Yesterday was the longest, most boring day of work I’ve had in a minute.

I spent the entire day on one task.

A spreadsheet titled “Link Strategy - {brand name}.”

We’ve been building some great links the last few weeks, and nearly every single one of our brands continues to grow month over month.

But I kept running into three main issues.

The first, my team seemed to randomly build links to any page on our client’s site.

While this does look more natural, it’s not the most effective way to scale.

You want links to point directly to your most important pages — that’s how you climb the rankings more quickly.

Second, my team either built branded anchors (good) or anchors that had very little context (bad).

Sure, some of the anchors may look more natural because they don’t include keywords.

BUT I want to use a blend of keyword anchors because they’re balanced out by the branded anchors.

Three, my team seemed to choose guest post topics at random.

Now, I keep saying “my team” because that’s who builds the links. But I’m the Founder, so the buck stops with me.

The point is, I realized that our link building needed more standardization.

And more importantly, it needed to be better.

But I wasn’t pleased with the target URL or anchor text selection.

So I started scheming.

I mocked up a template in my head the other day on a walk, then translated it into a spreadsheet.

Then made copies of that spreadsheet for every single brand we work with, and populated it with the relevant details.

The template is fairly straightforward, it just took time to fill in the details and customize it for each brand.

I won’t share it directly, but here’s what it contains:

Priority pages: a list of 5-10 of the most important pages on their website, listed in order of importance. These are the specific URLs, and most of them are collection pages.

Acceptable anchors: for every single priority page, I listed 10-20 acceptable anchors that apply specifically to the corresponding page.
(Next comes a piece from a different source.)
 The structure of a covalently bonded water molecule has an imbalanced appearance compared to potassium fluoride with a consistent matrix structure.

I used a blend of GSC & Semrush data to collect these, and most of them are a combination of {brand name} + {near match keyword}.
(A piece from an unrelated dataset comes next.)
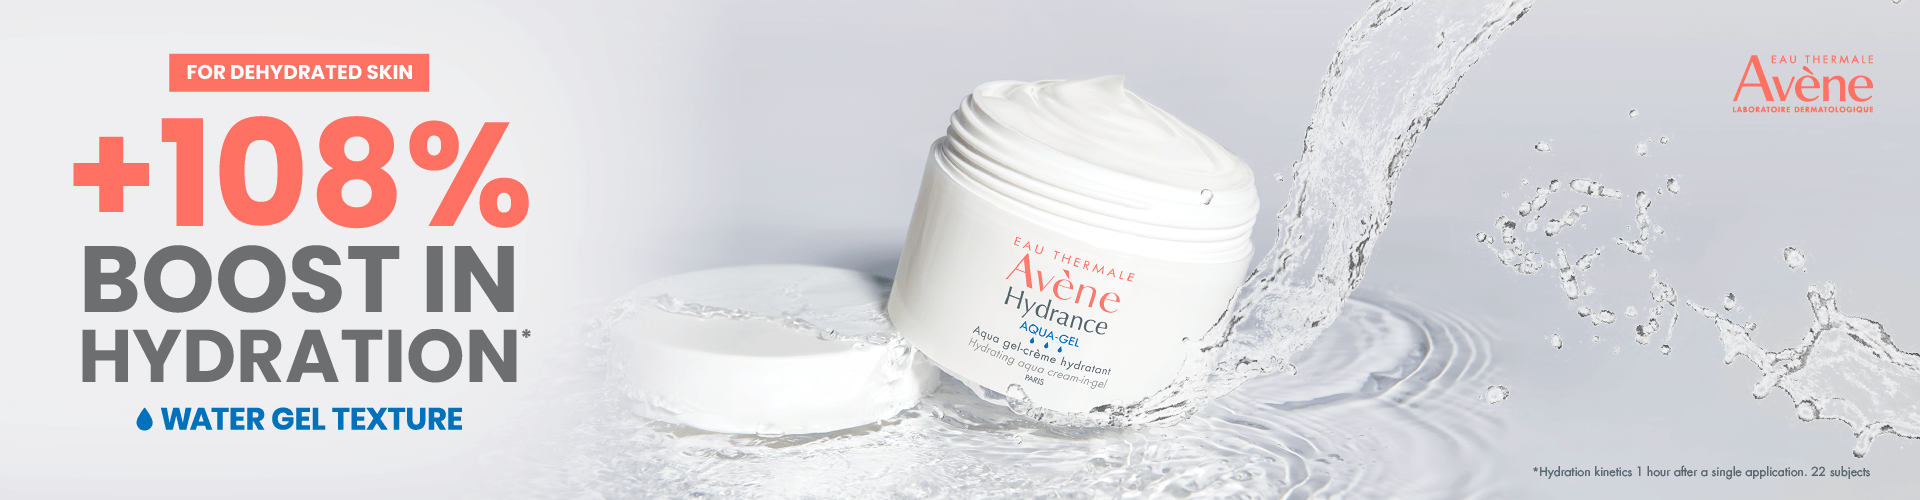 Avene Hydrance Aqua-Gel offers a 108% boost in hydration with a water gel texture. Perfect for dehydrated skin.

Pre-approved guest post topics: also for every single priority page, I listed 8 acceptable guest post topics that ALSO apply specifically to the corresponding page. To identify these, I searched the target keyword for that page, copied the People Also Ask questions from the SERP, pasted them into ChatGPT, and asked it to give me 4 more similar FAQs. This left with me 8 highly relevant (to the target page) guest posts.

I prefer link insertions, but I have to game plan for guest posts too.

Speaking of game planning, our guest post topics have been subpar, so needed to fix that too.

So I added these instructions:

These guest post topics are pre-approved, BUT they will not always be relevant or applicable to the site we are trying to host the guest post on. IF that is the case, and these guest posts would not make any sense in the context of the guest post site, follow these instructions:

Open ChatGPT and enter this prompt: "Based on what you know about {insert guest post site URL here}, please suggest 5 guest post topics that would contextually align with the rest of their existing posts and also could make some connection to {your-website}."

Choose one, then enter that title into Cuppa.

Then, and most importantly, use one of the acceptable anchors + priority page combinations.

Alternative pages: If in the event that my team identifies a great link opportunity, BUT some combination of the priority pages and/or acceptable anchors won’t work for that particular link, my team can build a link to one of the alternative pages.

I did not list acceptable anchors for the alternative pages, though I instructed my team to build these as branded anchors because publishers are (in my experience) very likely to accept a branded anchor as long as you add value to the post.

BUT in the off chance that a publisher is not willing to do so, I also added these instructions:

Open ChatGPT, paste the entire article that you want to use for a link insertion into ChatGPT.

Hit 'Ctrl + Enter,' then paste this prompt: “Read through this article, then suggest anchor text that I could use to link to one of the following articles. Please take the liberty of editing 1-2 sentences in order to suggest helpful anchor text. Wherever you make edits, please denote them in the copy by adding the text: "EDIT STARTS HERE" before the edit and "EDIT ENDS HERE," and placing parentheses around the suggested anchor text.

Hit 'Ctrl+Enter'

{paste all alternative URLs here}

Hit enter, then use that information to inform the link insertion.

This should cover the rest of the gaps on anchor text.

There’s a ton of nuance in link building, but I believe that this improved system will eliminate most of it.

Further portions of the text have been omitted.